We next explored the effect of intrathecal administration of ProTx-II, a selective Na_V1.7 blocker. To evaluate the effect of ProTx-II on Na_V1.7-dependent mechanical hyperalgesia, we studied its effect on the mechanical hyperalgesia induced by i.m. injection of the Na_V1.7 activator OD1, in normal rats. Rats were injected i.t. with ProTx-II (1 μg/20 μl), or vehicle (0.1% BSA-DPBS), and i.m. with OD1 (100 nM, 50 μl) into the right gastrocnemius muscle. Intrathecal ProTx-II, but not its vehicle, significantly inhibited the reduction of mechanical nociceptive threshold (i.e., mechanical hyperalgesia) produced by i.m. OD1, measured 30 min (ProTx-II: 2383.5 ± 4.7 mN [-8.8 ± 0.5%] vs vehicle: 1926.6 ± 13.5 mN [−26 ± 1.3%]; n = 6/group, P < 0.001), or 60 min (ProTx-II: 2358.7 ± 3.7 mN [−3.7 ± 0.5%] vs 1827.7 ± 23.3 mN [−25.7 ± 0.8%]; n = 6/group, P < 0.001) after injection (Fig. 4A).

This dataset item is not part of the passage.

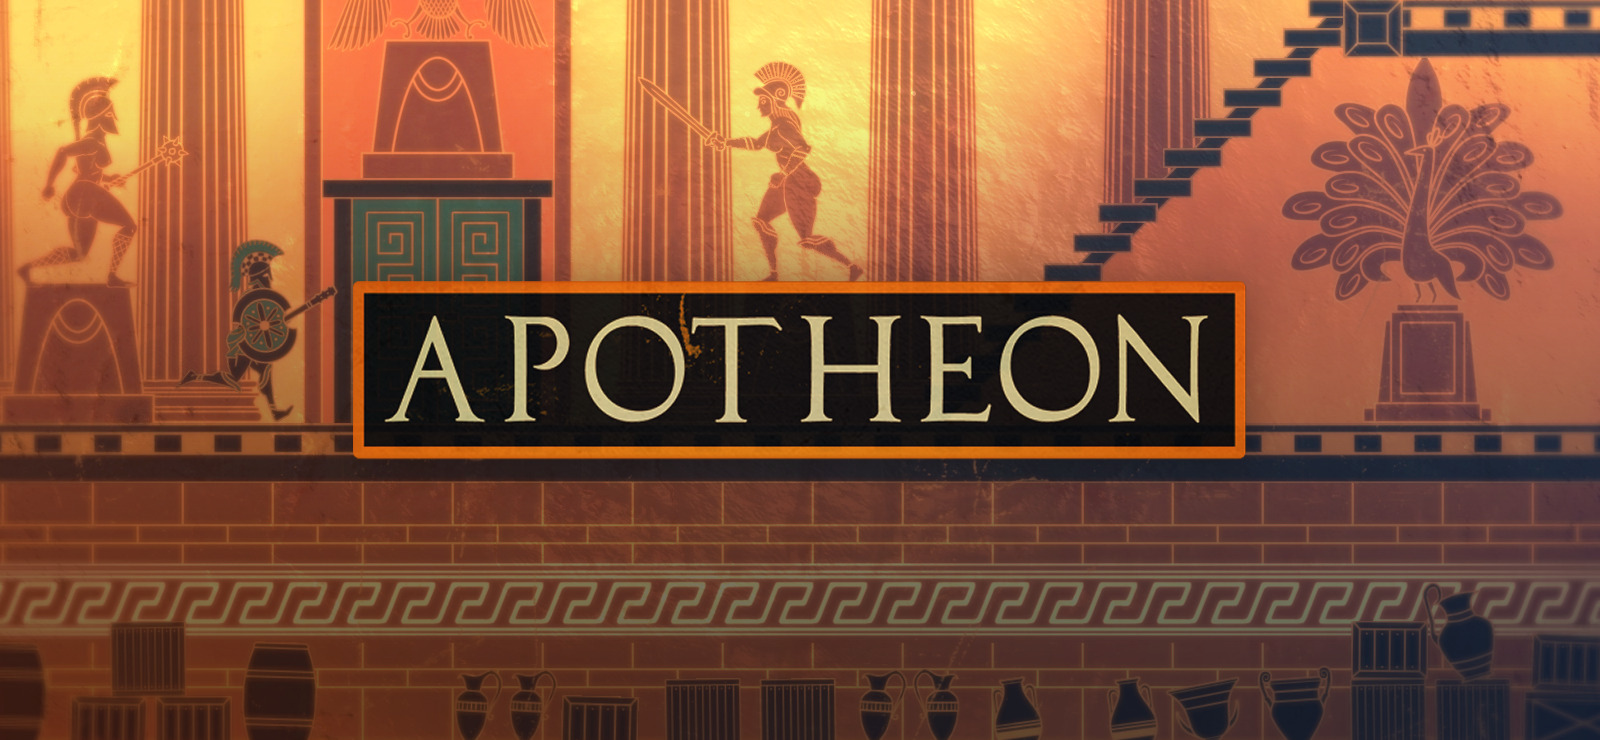 Apotheon wallpapers for desktop, download free Apotheon pictures and  backgrounds for PC | mob.org

Next, we evaluated the effect of i.t. ProTx-II on the mechanical hyperalgesia exhibited by NLB rats. Intrathecal ProTx-II, but not vehicle, significantly increased muscle nociceptive threshold (i.e., inhibited the mechanical hyperalgesia) in NLB rats, at 30 min (ProTx-II: 2414.8 ± 7 mN [10.4 ± 0.4%, n=9] vs vehicle: 2195.3 ± 12.5 mN [0.9 ± 0.7%, n=8]; P < 0.001), or 60 min (ProTx-II: 2404.7 ± 15.4 mN [9.9 ± 0.7%, n=9] vs vehicle: 2193.9 ± 16.5 mN [0.8 ± 0.7%, n=8]; P < 0.001), after i.t. injection (Fig. 4B).

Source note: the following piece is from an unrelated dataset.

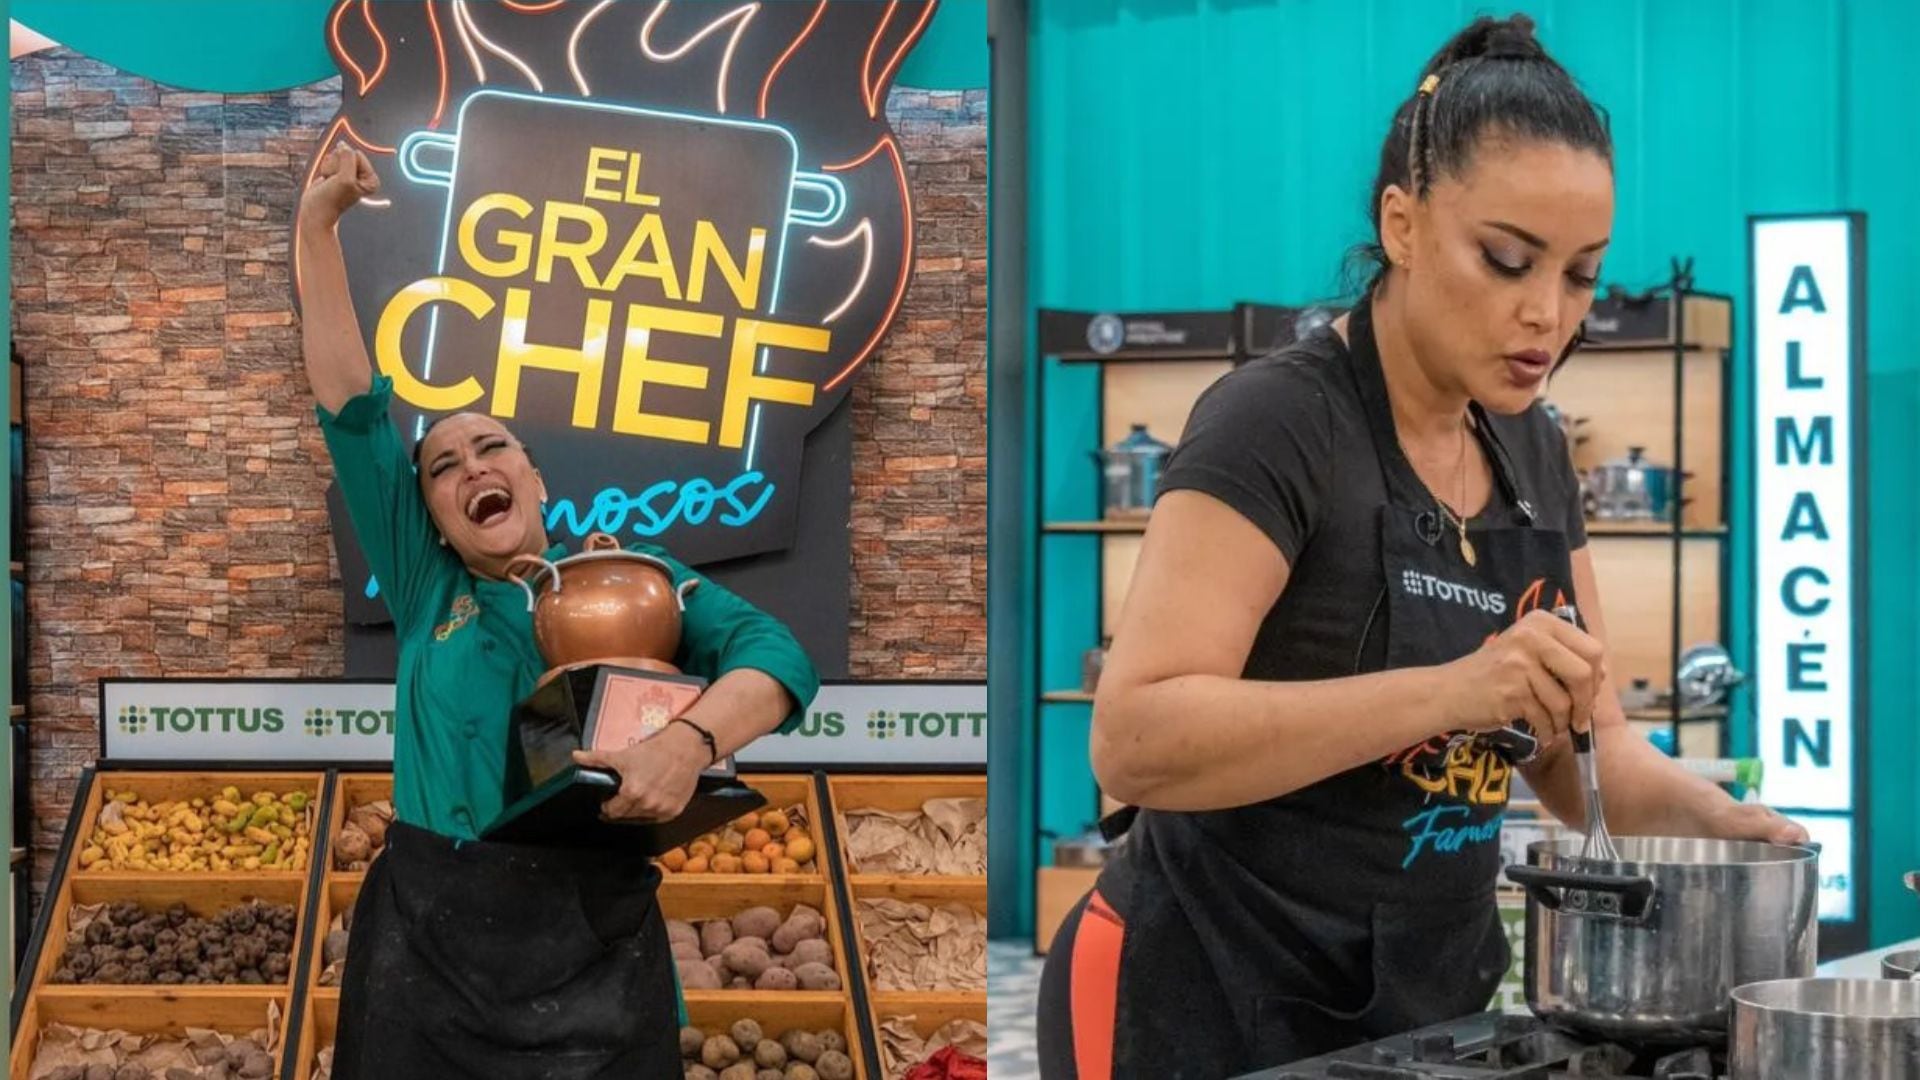 Mariella Zanetti, 47 years old, raised the clay pot of 'The Greatest Celebrity Chef', in its third season.

Antisense knockdown of ERK1/2

Evidence indicates that posttranscriptional modifications of Na_V1.7, such as phosphorylation by pERK1/2, enhance nociceptor excitability⁶¹, likely contributing to hyperalgesia. Thus, to determine if ERK phosphorylation of Na_V1.7 contributes to hyperalgesia in NLB rats, we knocked down nociceptor ERK1/2 expression by means of AS ODN directed against ERK1/2 mRNA. In control rats, ERK1/2 AS ODN treatment did not significantly modify the nociceptive threshold (post AS: 2475.5 ± 14.1 mN, [n=6] vs post SE: 2470.7 ± 14.1 mN, [n=6], P > 0.05, Fig. 5A). While there were no significant differences at baseline (pre AS: 2229.7 ± 9 mN vs pre SE: 2210.3 ± 7.5 mN), NLB rats that received i.t. AS (2430.2 ± 12.8 mN, [n=6]) exhibited a significant increase in nociceptive threshold compared to the SE treated (2207.2 ± 6.5 mN, [n=6], P < 0.001) group (Fig. 5B). Three-way ANOVA analysis shows a significant interaction of Time (pre-post) × NLB × MAPK antisense, P<0.0001, indicating a role for MAPK mediating hyperalgesia in NLB rats.

Conclusion

In summary, persistent muscle mechanical hyperalgesia induced by early-life stress is mediated by increased expression of nociceptor Na_V1.7. Antisense ODN attenuation of nociceptor expression of Na_V1.7 or pharmacological blockade of Na_V1.7 inhibited muscle hyperalgesia observed in NLB rats. A contribution of ERK1/2 to this mechanical hyperalgesia was also observed, likely due to its sensitizing effect on Na_V1.7. These observations provide a novel mechanism for musculoskeletal pain after exposure to early-life adversity, suggesting that targeting Na_V1.7 could be a useful strategy for the treatment of stress-induced muscle pain.